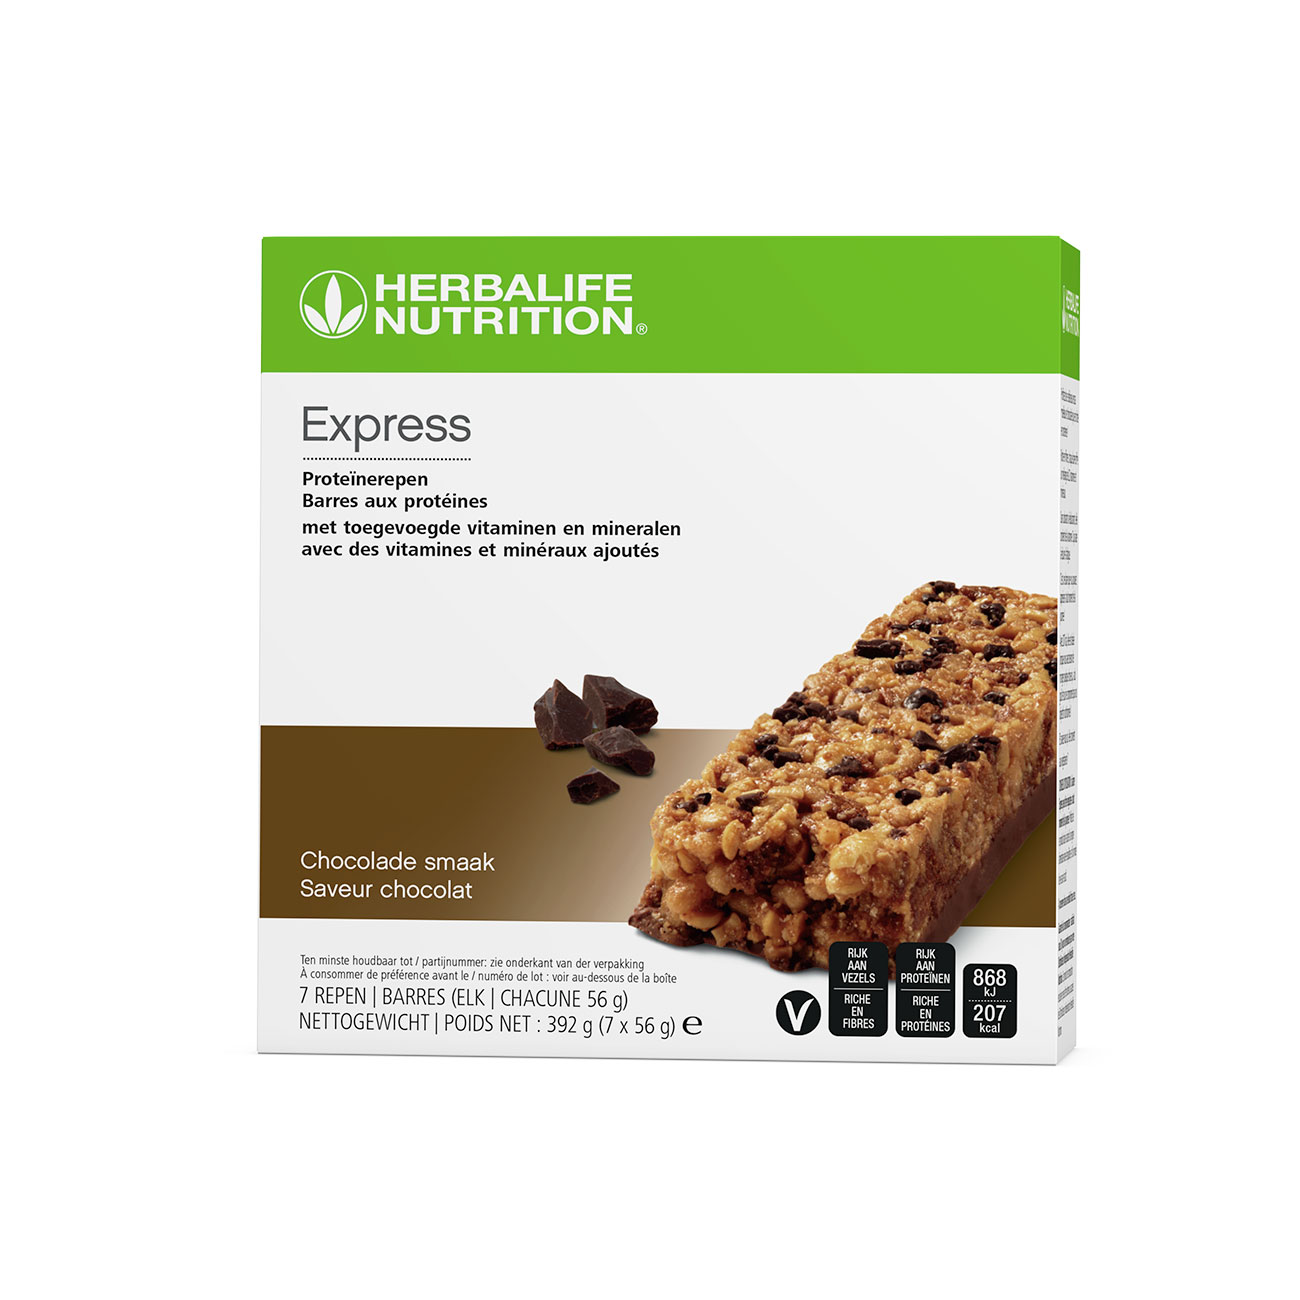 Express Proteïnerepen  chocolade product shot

---

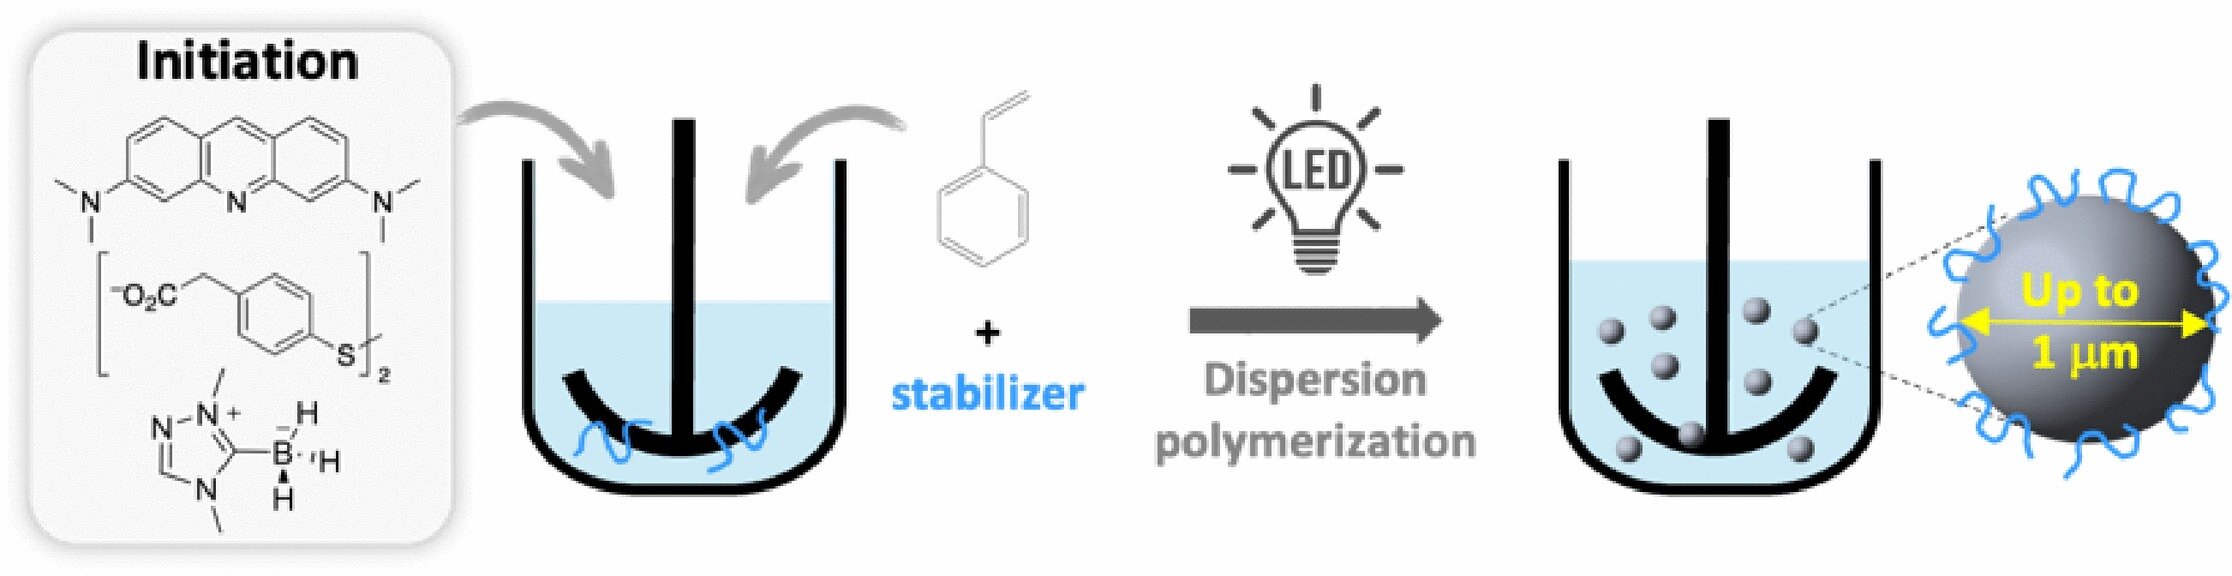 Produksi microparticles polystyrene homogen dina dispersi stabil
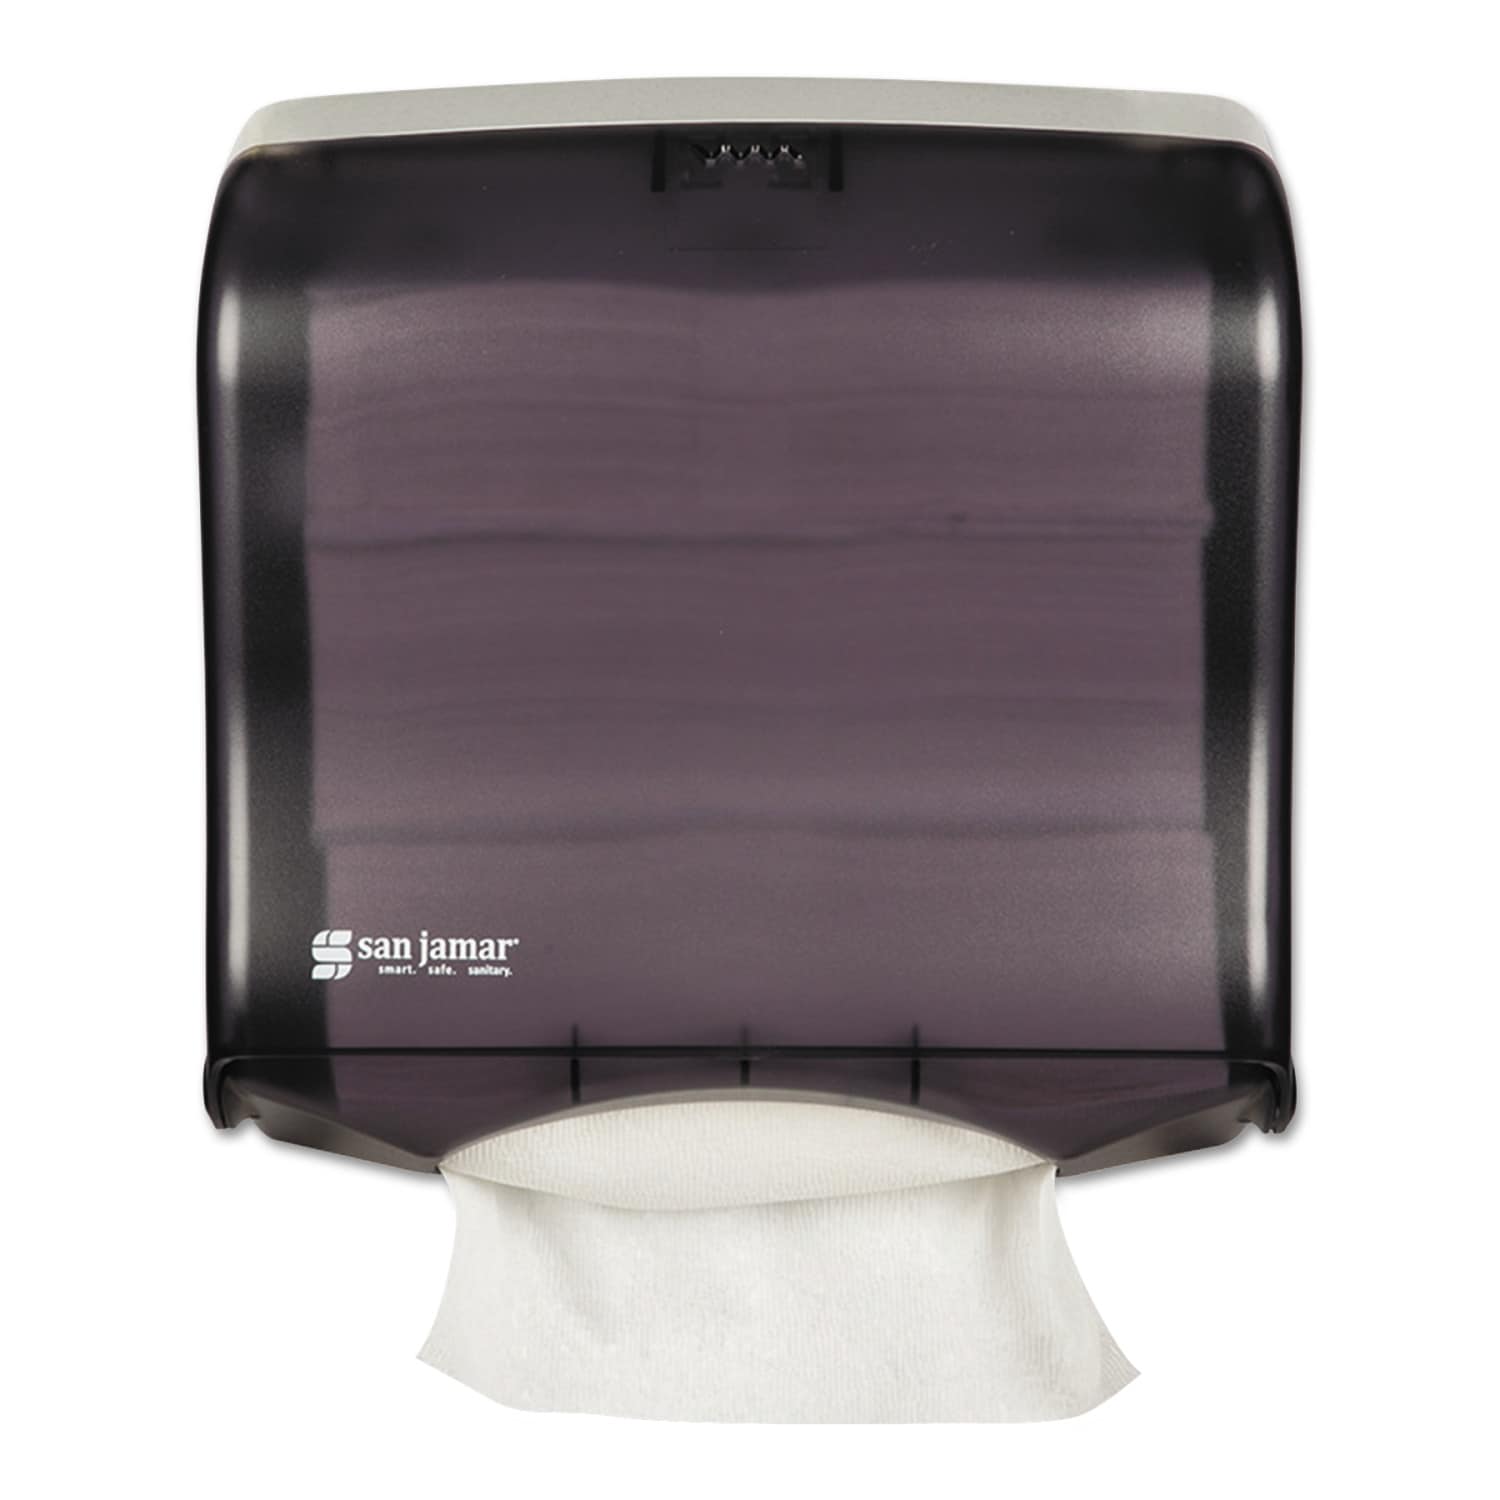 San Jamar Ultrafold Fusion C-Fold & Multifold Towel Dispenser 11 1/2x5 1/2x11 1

THE TASK: Working from the data above, repeat exactly, and only, the lines that begin at the line containing "Produksi microparticles polystyrene" and stop after the line containing "San Jamar Ultrafold"; pictures are not copied.

ANSWER AREA:
 Produksi microparticles polystyrene homogen dina dispersi stabil
 San Jamar Ultrafold Fusion C-Fold & Multifold Towel Dispenser 11 1/2x5 1/2x11 1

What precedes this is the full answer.